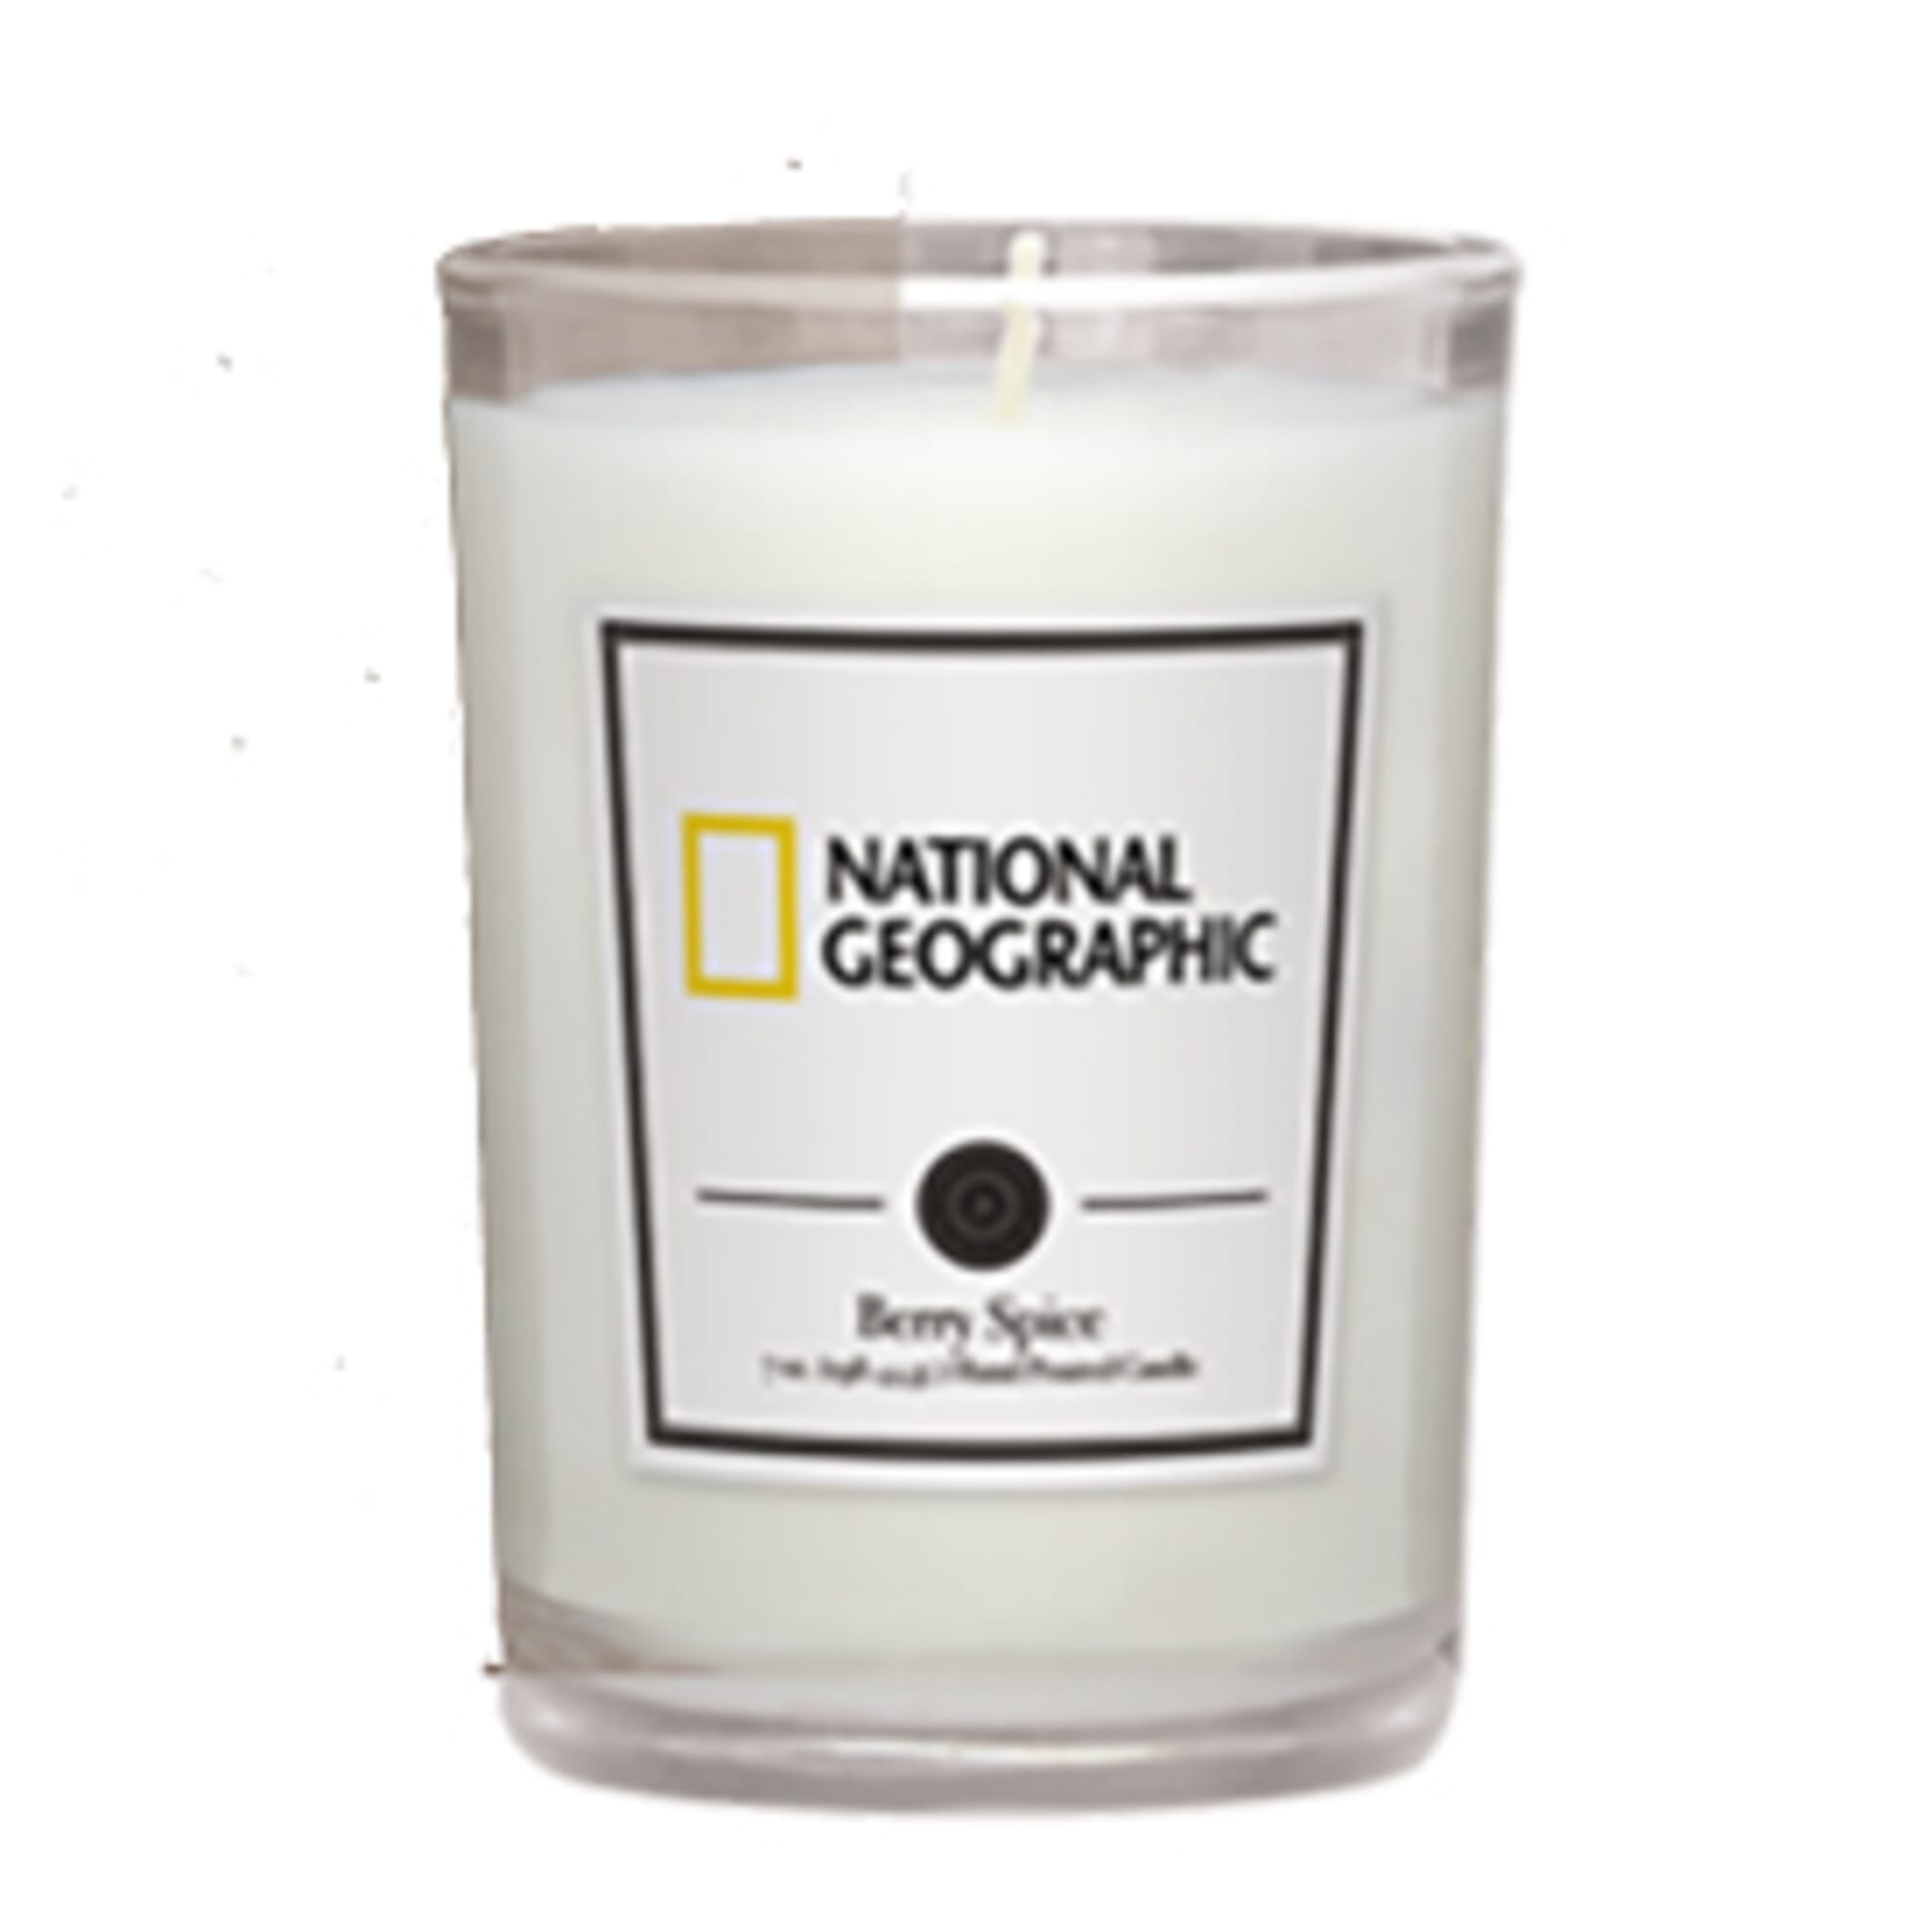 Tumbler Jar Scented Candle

---

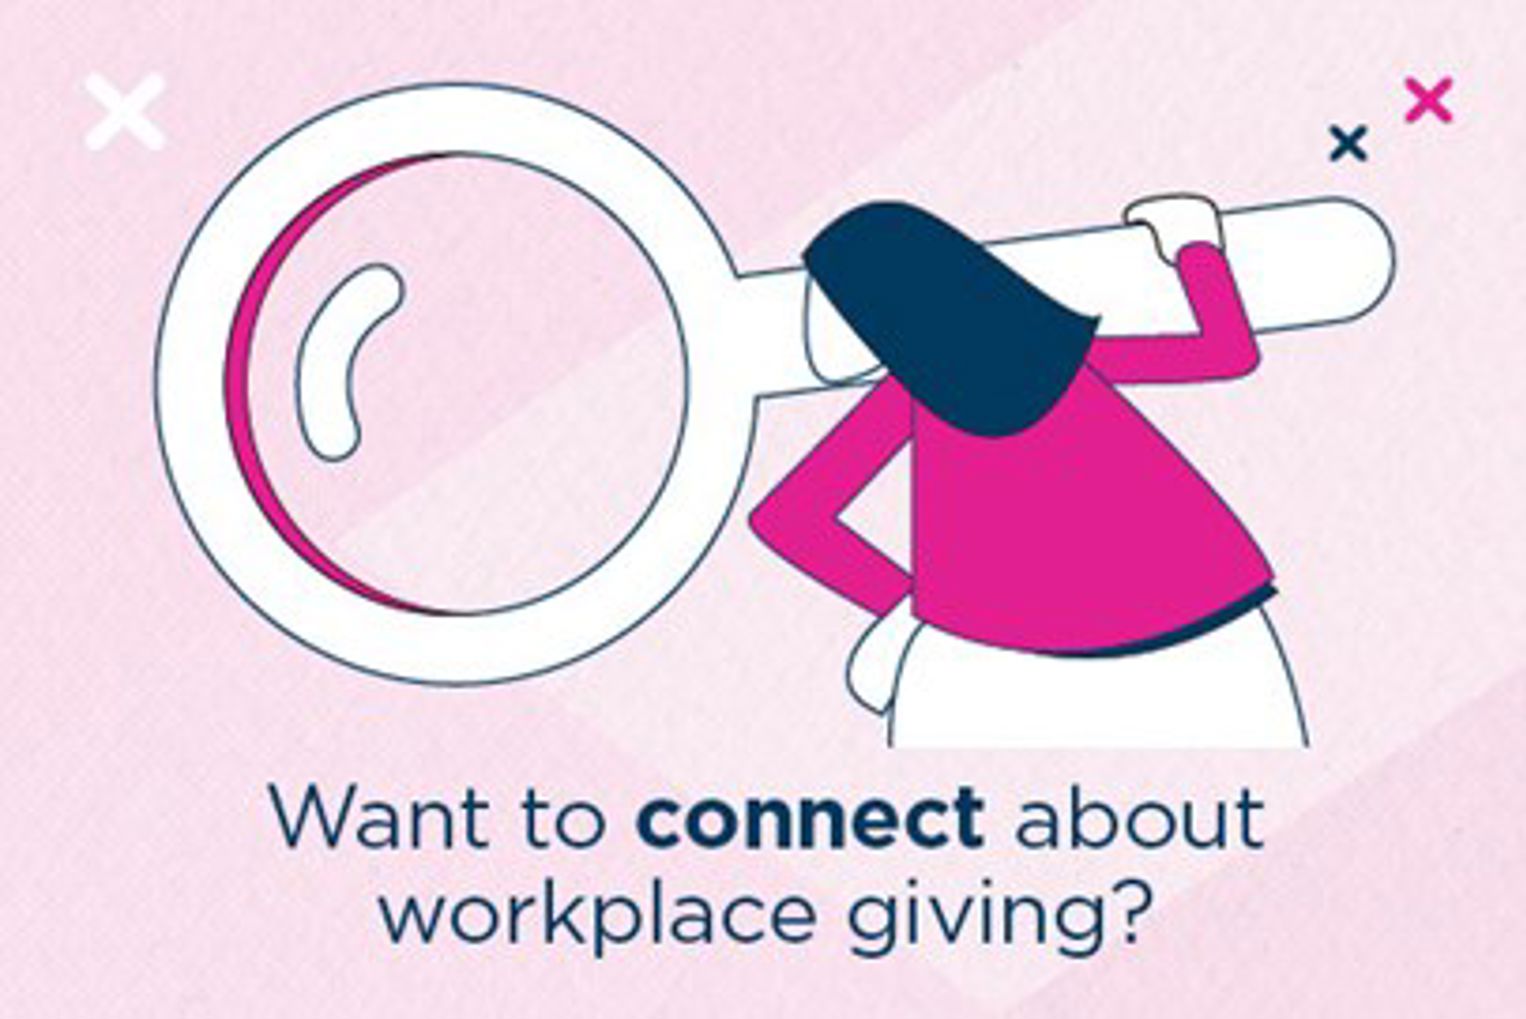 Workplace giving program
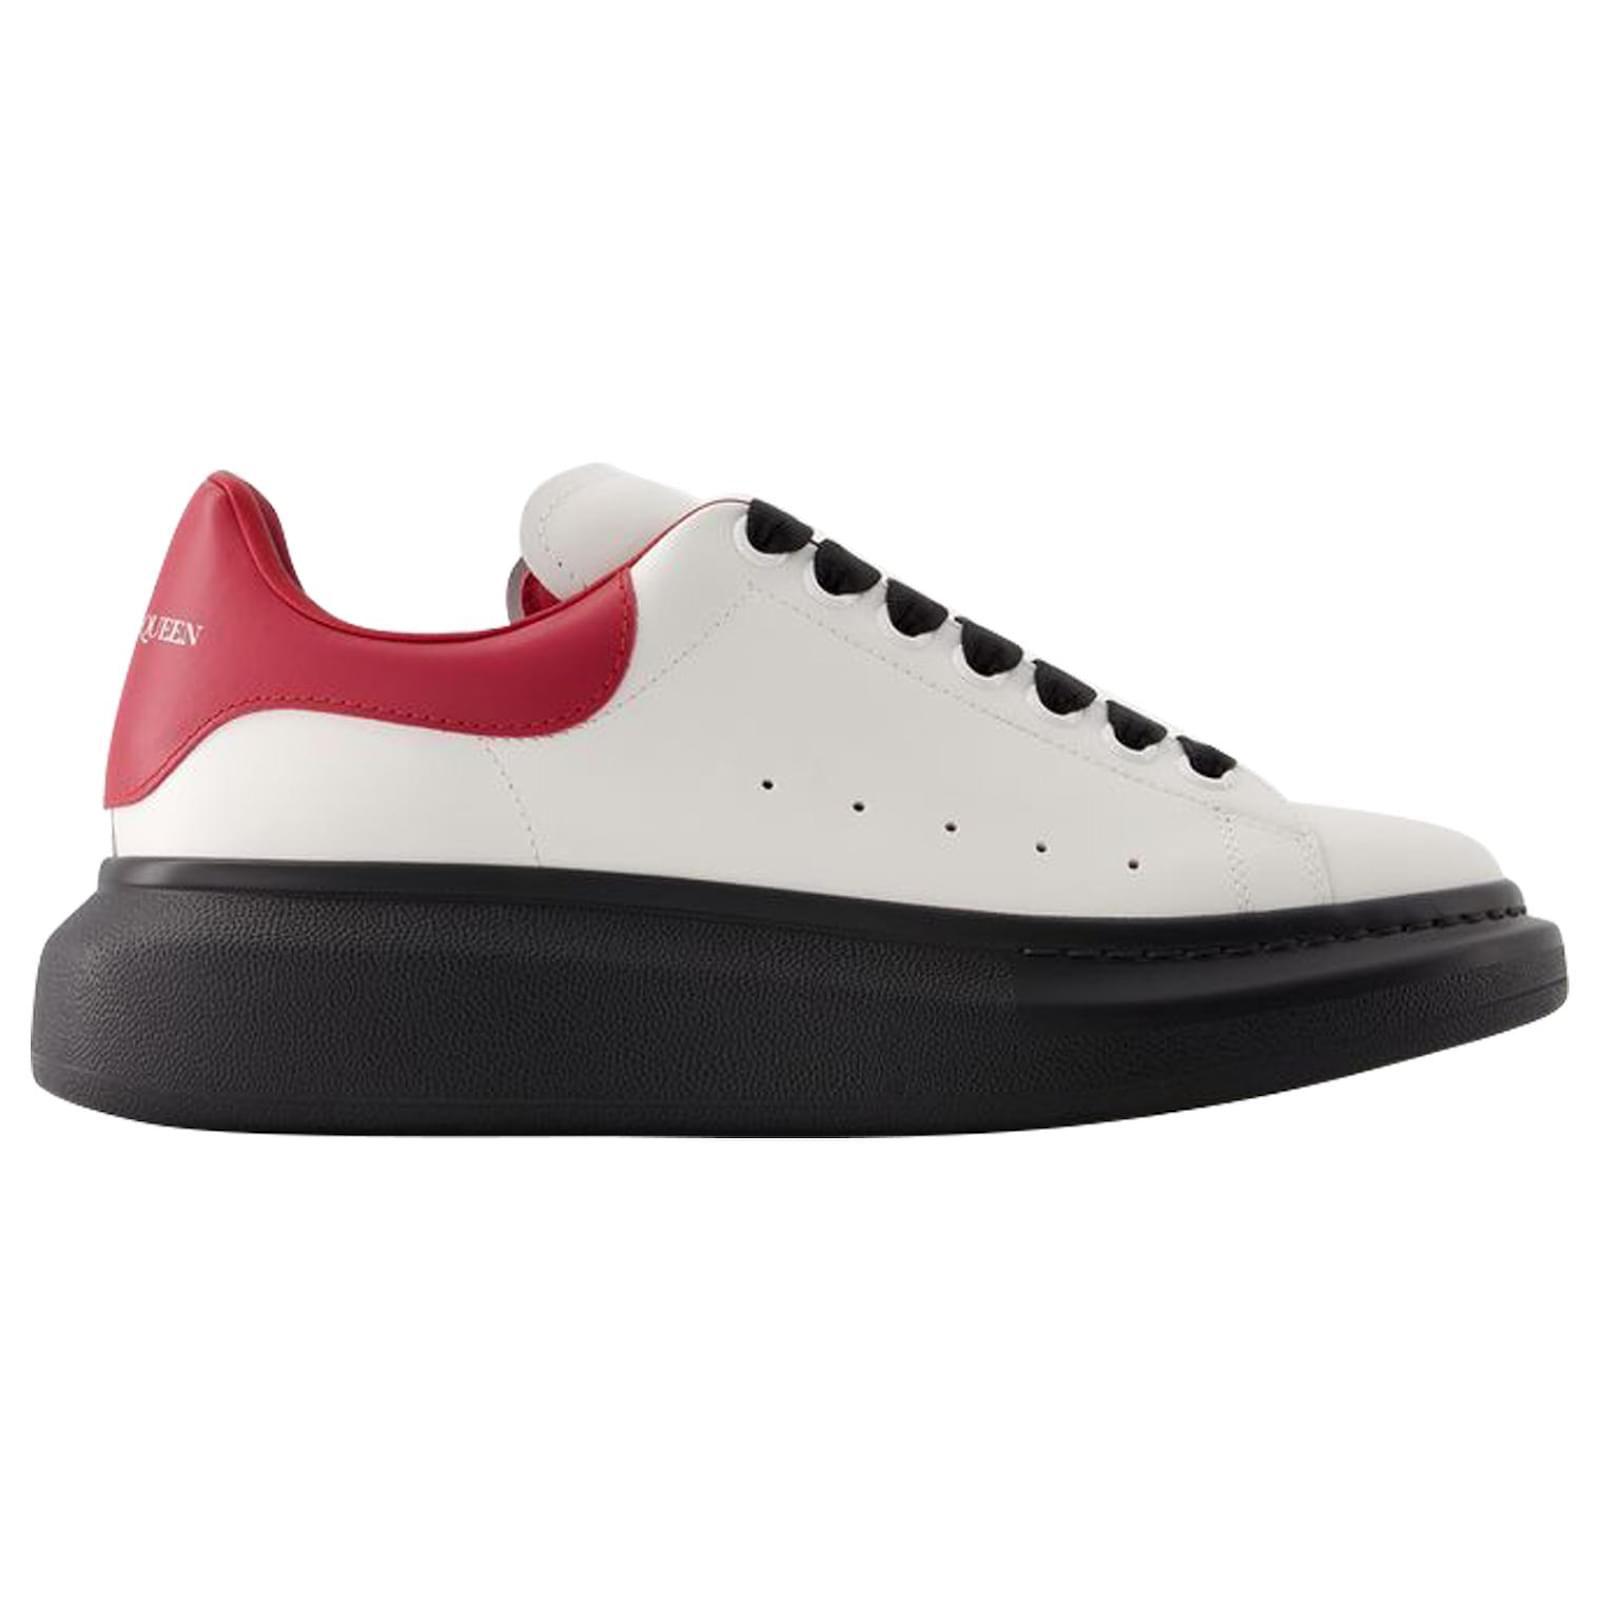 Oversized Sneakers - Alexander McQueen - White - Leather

▶ _Exercise brief_
Write out, word for word, the stretch of entries that begins at the line with "Workplace giving program" and ends at the line with "Oversized Sneakers - Alexander". Pictures do not belong in it.

▶ _Result below_
 Workplace giving program
 Oversized Sneakers - Alexander McQueen - White - Leather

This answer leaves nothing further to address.